В смутном говоре зазвучал голос голого. Повозив ногой по лоснящемуся паркету, он спросил у Ионы:
- Кто паркет делал?
- Крепостные крестьяне,- ответил неприязненно Иона,- наши крепостные.
Голый усмехнулся неодобрительно.
- Сработано здорово, что и говорить. Видно, долго народ гнул спину, выпиливая эти штучки, чтоб потом тунеядцы на них ногами шаркали. Онегины… трэнь… брень… Ночи напролет, вероятно, плясали. Делать-то ведь было больше нечего.
Иона про себя подумал: "Вот чума голая навязалась, прости Господи",- вздохнул, покрутил головой и повел дальше.
Стены исчезли под темными полотнами в потускневших золотых рамах. Екатерина II в горностае, с диадемой на взбитых белых волосах, с насурьмленными бровями, смотрела во всю стену из-под тяжелой громадной короны. Ее пальцы, остроконечные и тонкие, лежали на ручке кресла. Юный курносый , с четырехугольными звездами на груди, красовался на масляном полотне напротив и с ненавистью глядел на свою мать. А вокруг сына и матери до самого лепного плафона глядели княгини и князья Тугай-Бег-Ордынские со своими родственниками.
Отливая глянцем, чернея трещинами, выписанный старательной кистью живописца XVIII века по неверным преданиям и легендам, сидел во тьме гаснущего от времени полотна раскосый, черный и хищный, в мурмолке с цветными камнями, с самоцветной рукоятью сабли родоначальник - повелитель Малой орды хан Тугай.

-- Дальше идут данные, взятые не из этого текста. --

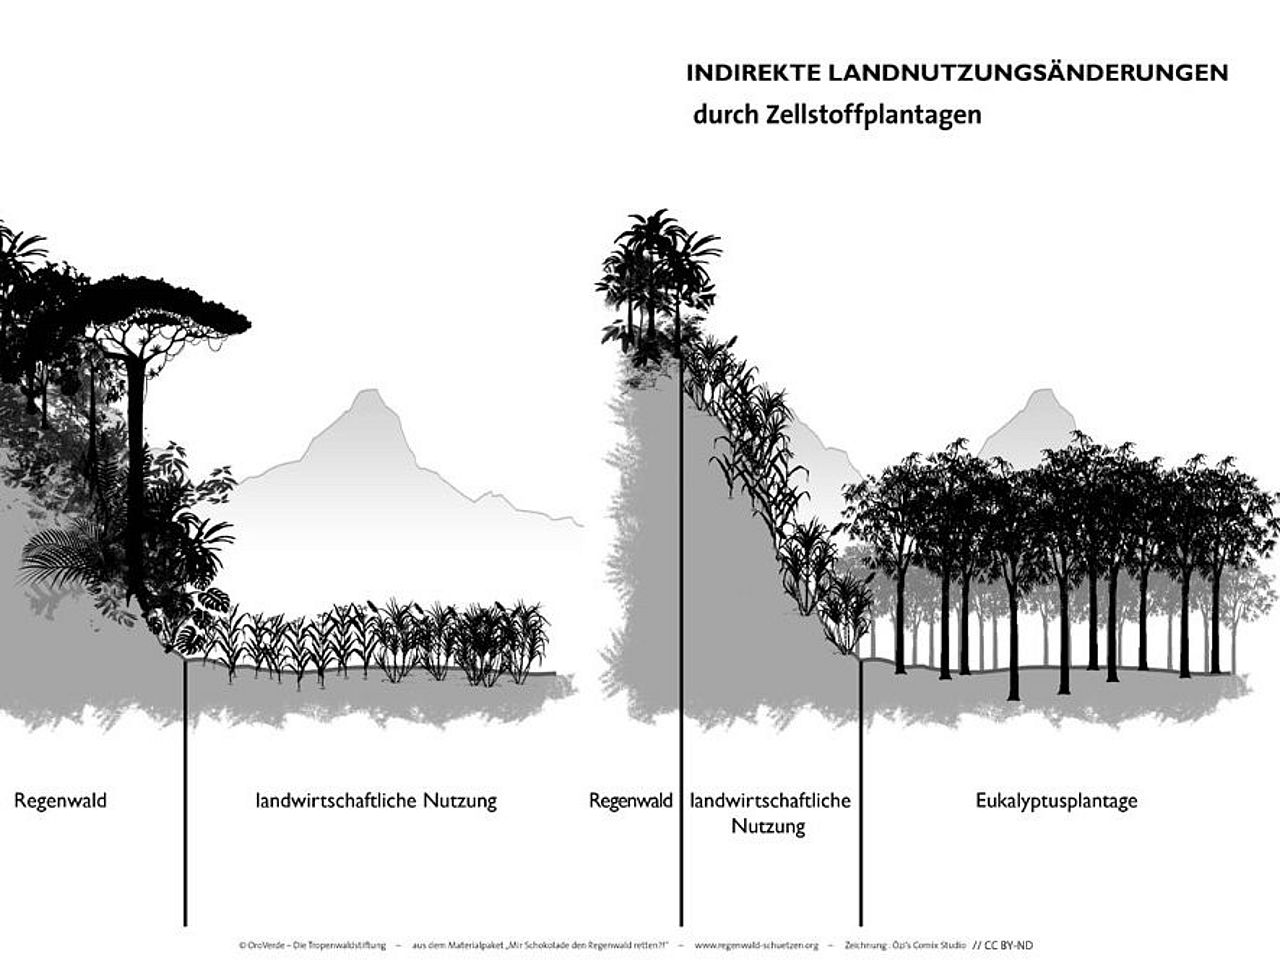 Grafik: indirekte Landnutzungsänderung mittels Abholzung von Regenwald für Fasern für Papier
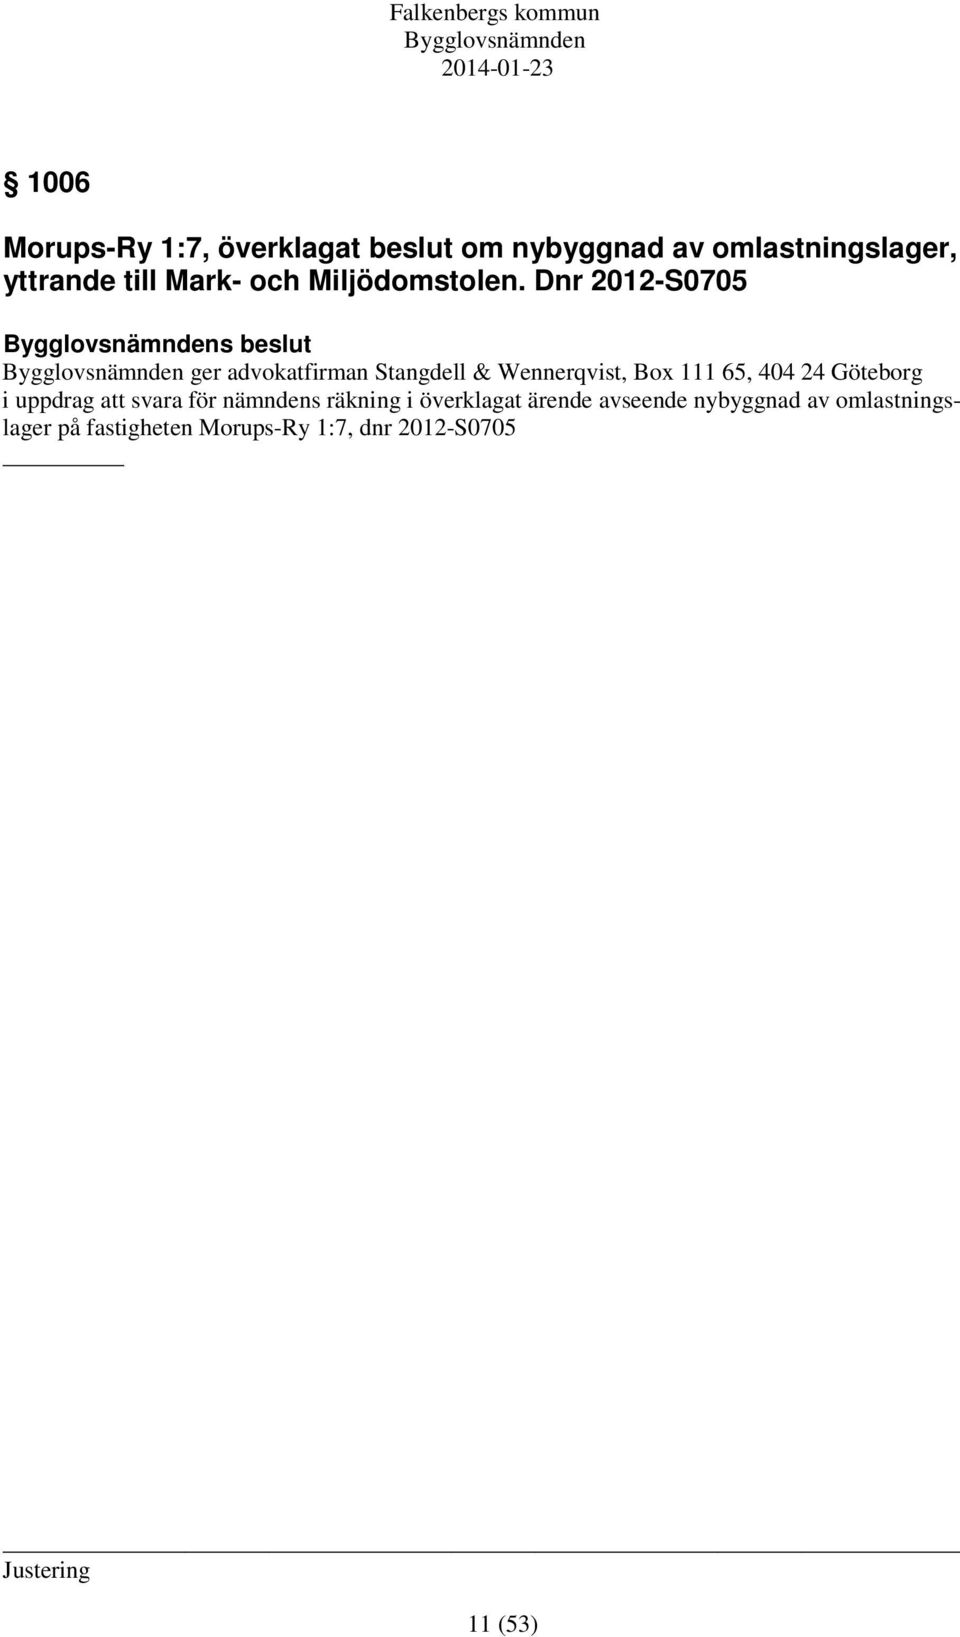 Dnr 2012-S0705 s beslut ger advokatfirman Stangdell & Wennerqvist, Box 111 65, 404 24

За полтысячи лет смотрел со стен род князей Тугай-Бегов, род знатный, лихой, полный княжеских, ханских и царских кровей. Тускнея пятнами, с полотен вставала история рода с пятнами то боевой славы, то позора, любви, ненависти, порока, разврата…
На пьедестале бронзовый позеленевший бюст старухи матери в бронзовом чепце с бронзовыми лентами, завязанными под подбородком, с шифром на груди , похожим на мертвое овальное зеркало. Сухой рот запал, нос заострился. Неистощимая в развратной выдумке, носившая всю жизнь две славы - ослепительной красавицы и жуткой Мессалины . В сыром тумане славного и страшного города на севере была увита легендой потому, что первой любви удостоил ее уже на склоне своих дней тот самый белолосинный генерал , портрет которого висел в кабинете рядом с Александром I. Из рук его перешла в руки Тугай-Бега-отца и родила последнего нынешнего князя. Вдовой оставшись, прославилась тем, что ее нагую на канате купали в пруду четыре красавца гайдука…
Голый, раздвинув толпу, постучал ногтем по бронзовому чепцу и сказал:
- Вот, товарищи, замечательная особа. Знаменитая развратница первой половины девятнадцатого века…
Дама с животом побагровела, взяла девочку за руку и быстро отвела ее в сторону.
- Это Бог знает что такое… Верочка, смотри, какие портреты предков…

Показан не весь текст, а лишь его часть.